I looove Dollymix and # MUFE #3 Microfinish Blush. They both are shocking bright pink but because our skin is darker it will tone it down and still show up pink. Also if you can track down Florida Creamblend blush by MAC that would be hottt also. HTH!!!!


----------



## she (May 5, 2010)

passionate e/s! it's matte so the color really pops


----------



## Twinkle_Twinkle (May 5, 2010)

Dollymix and if you can get your hands on it,  Deep Pink which is a discontinued MAC Pro shade but it may still be floating around stores.  Passionate e/s sounds like a really good idea though. 

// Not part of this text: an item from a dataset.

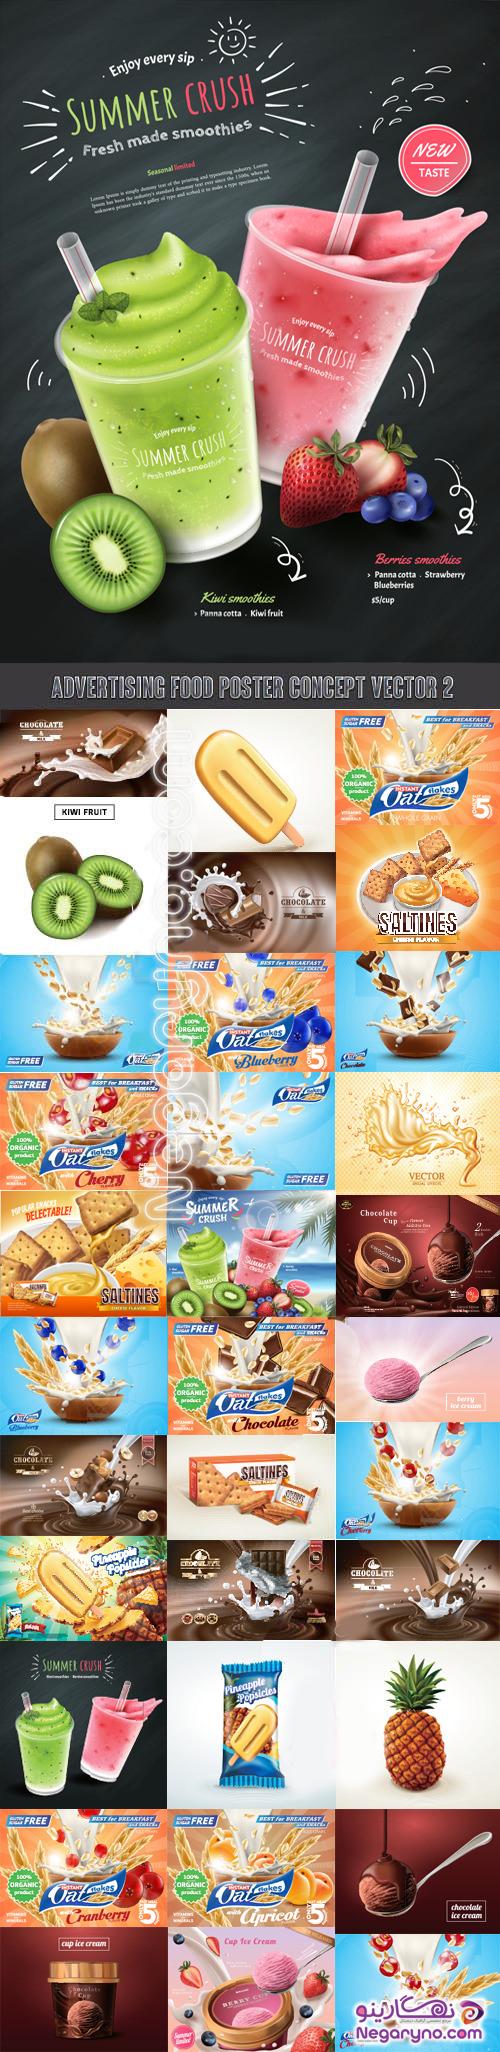 وکتور تبلیغاتی غذا و نوشیدنی پک 2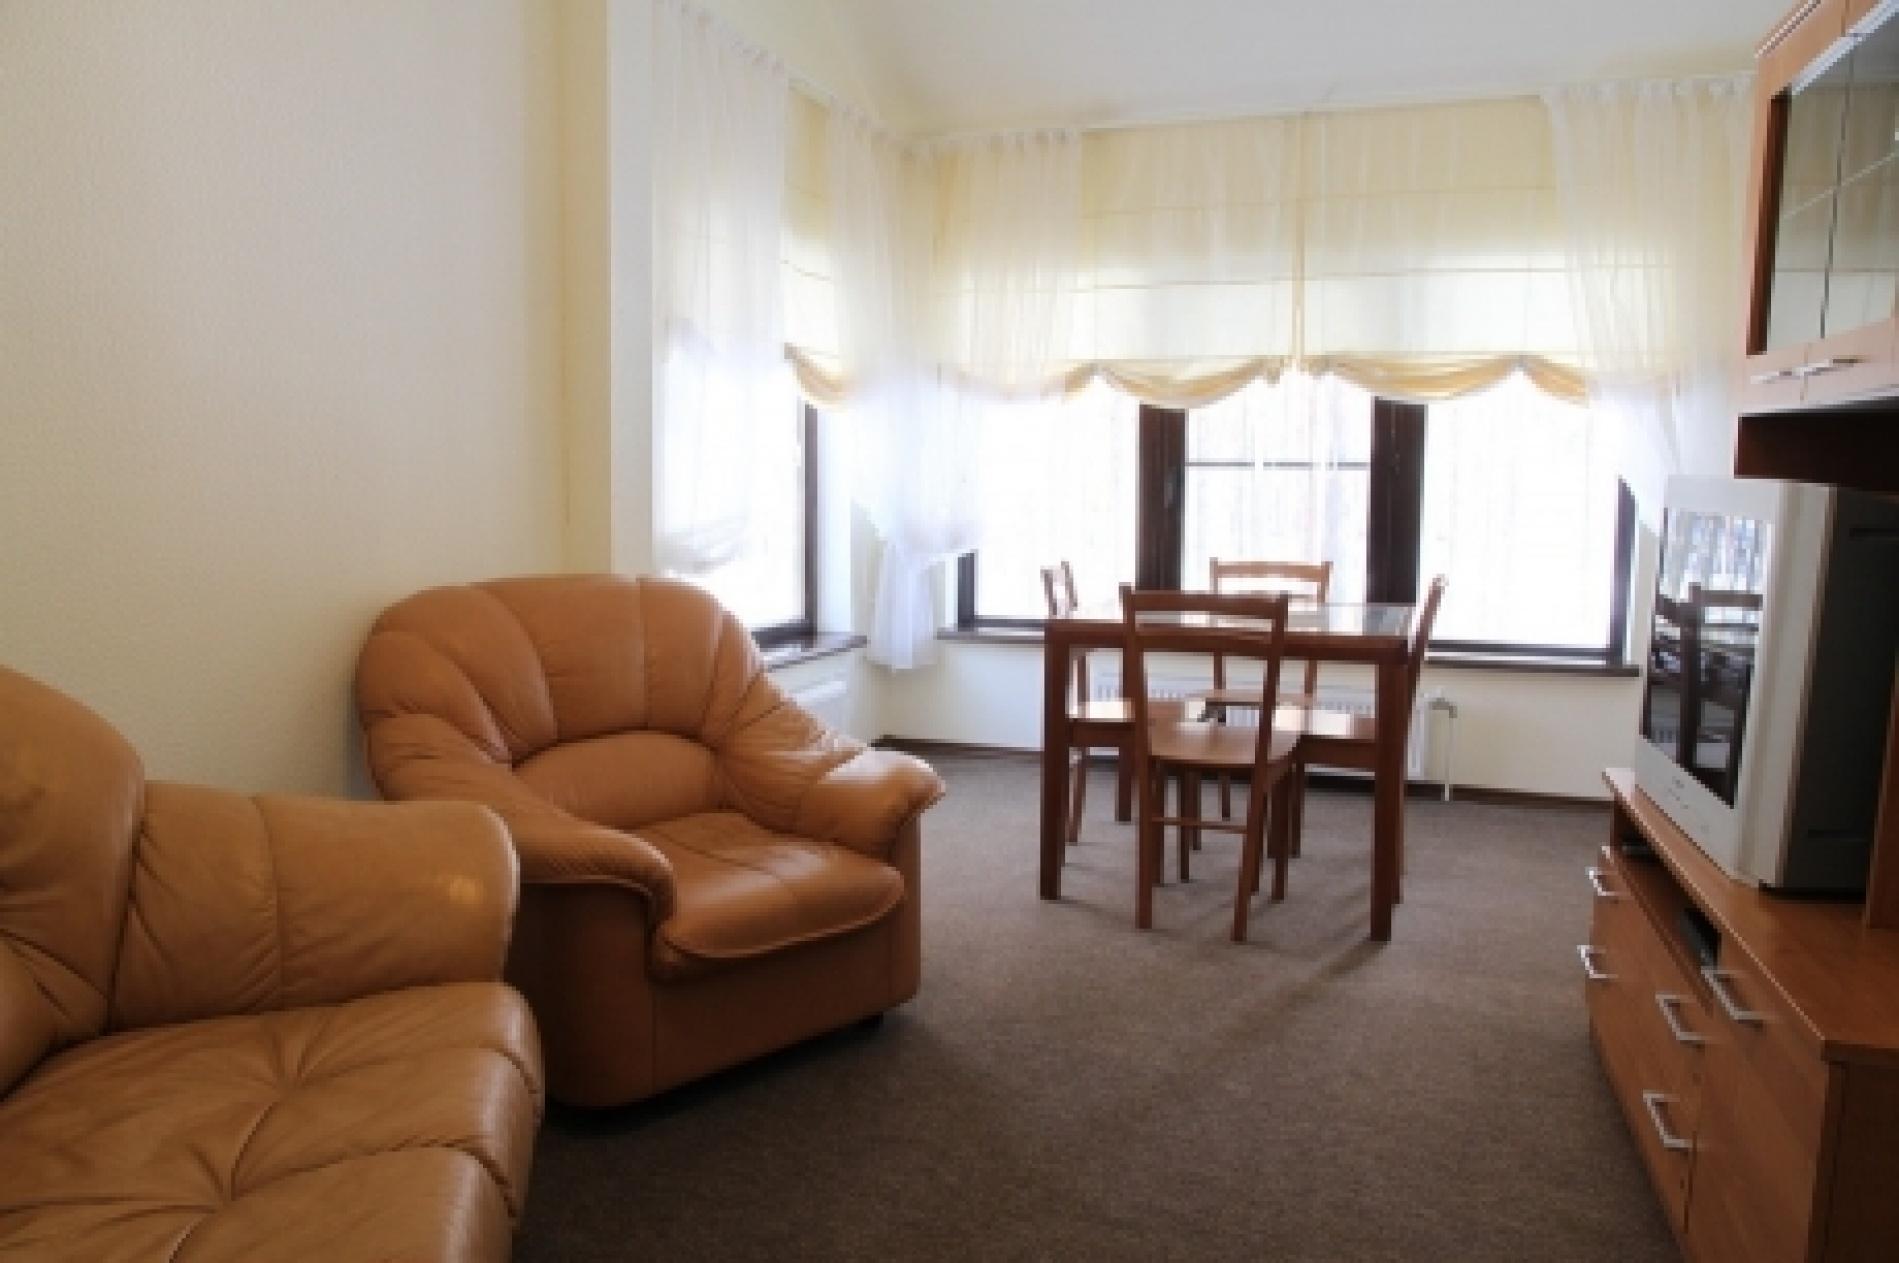 Загородный отель «Плесков» Псковская область Апартаменты № 2, фото 2

Also, you could try Full Fuchsia, also a MAC Pro Shade, but it is readily available.


----------



## lexielex (May 5, 2010)

I second Full Fuschia and Dollymix, Full Fuschia def looks scary in pan but apply with a light hand and it's beautiful on our shades.


----------



## makeba (May 5, 2010)

Dollymix is the loveliest color on darker skin tones. On my skin, nw40, I looked like a clown.


----------



## Lovey99 (May 5, 2010)

Dollymix
Azalea
Full fuchsia


----------



## mscoco (May 6, 2010)

Thanks so much!! Does anyone have any pics of you wearing these colours or of the actual product. How does Nars exhibit A compare to these is it brighter??


----------



## Twinkle_Twinkle (May 6, 2010)

This thread http://www.specktra.net/forum/f217/m...lushes-107574/ includes a picture of my MAC Pro Blushes and Azalea, and Full Fuchsia are pictured.  Also pictured is Devil, which is very similar to NARS Exhibit A.  I'd say Devil is slightly more orange and less red.  Anyway, to answer the second question, they aren't similar at all, so it's kind of hard to compare.  I'd say that Azalea is def. the brightest but all three have the same color intensity.  They are also different finishes as well.


----------



## Soundclash (May 6, 2010)

Take a look at Fleur Power by MAC as well, not a bright pink but beautiful and pigmented.


----------



## YLQ (Jun 19, 2010)

*LaFemme:
Framboesia
Fuschia
Indian Rose
Magenta
Mulberry
Precious Plum*

http://www.ritzyrags.com/makeup/New/blushonrouge420.jpg

*Link provided for illustration purposes only. 
I did not order from that website.*


----------



## User38 (Jun 19, 2010)

Azalea, Full Fuschia, Dollymix - MAC

Desire, Angelika, - NARS

Peony - BB


----------



## sss215 (Jun 20, 2010)

Full Fuchsia, can't go wrong.


----------



## blackbetty (Jun 20, 2010)

Breezy


----------



## lilchocolatema (Jul 12, 2010)

Nothing is hotter than MACPro Azalea.  I also love MAC Dollymix, Full Fuchsia and Nars Taos.  The ladies gave great suggestions!


----------



## seymone25 (Jul 14, 2010)

I would like to second La Femme blushes.. They are highly pigmented and have a wide range of pink blushes.. Also MAC Pro Full Fuschia, Azalea, and Hot Pink (think it is discontinued)


----------



## diamonddiva (Aug 8, 2010)

Nars Mata Hari!!!!


----------



## aziajs (Aug 8, 2010)

You can also try Ben Nye eyeshadow in Azalea.  I wore it last night.  It's a large pan, big enough to use a blush brush. The color is a fuschia with a frost finish that has a nice sheen on the cheek, nothing garish.  BUT, it's SUPER pigmented so use a light hand or a duo fiber brush.


----------



## sss215 (Aug 18, 2010)

MUFE HD blush #2


----------



## reesesilverstar (Aug 18, 2010)

Quote:

   Originally Posted by *YLQ* 

 
_*LaFemme:
Framboesia
Fuschia
Indian Rose
Magenta
Mulberry
Precious Plum*

http://www.ritzyrags.com/makeup/New/blushonrouge420.jpg

*Link provided for illustration purposes only. 
I did not order from that website.*_

 
You nailed it... Those ones I have and I agree they're awesome.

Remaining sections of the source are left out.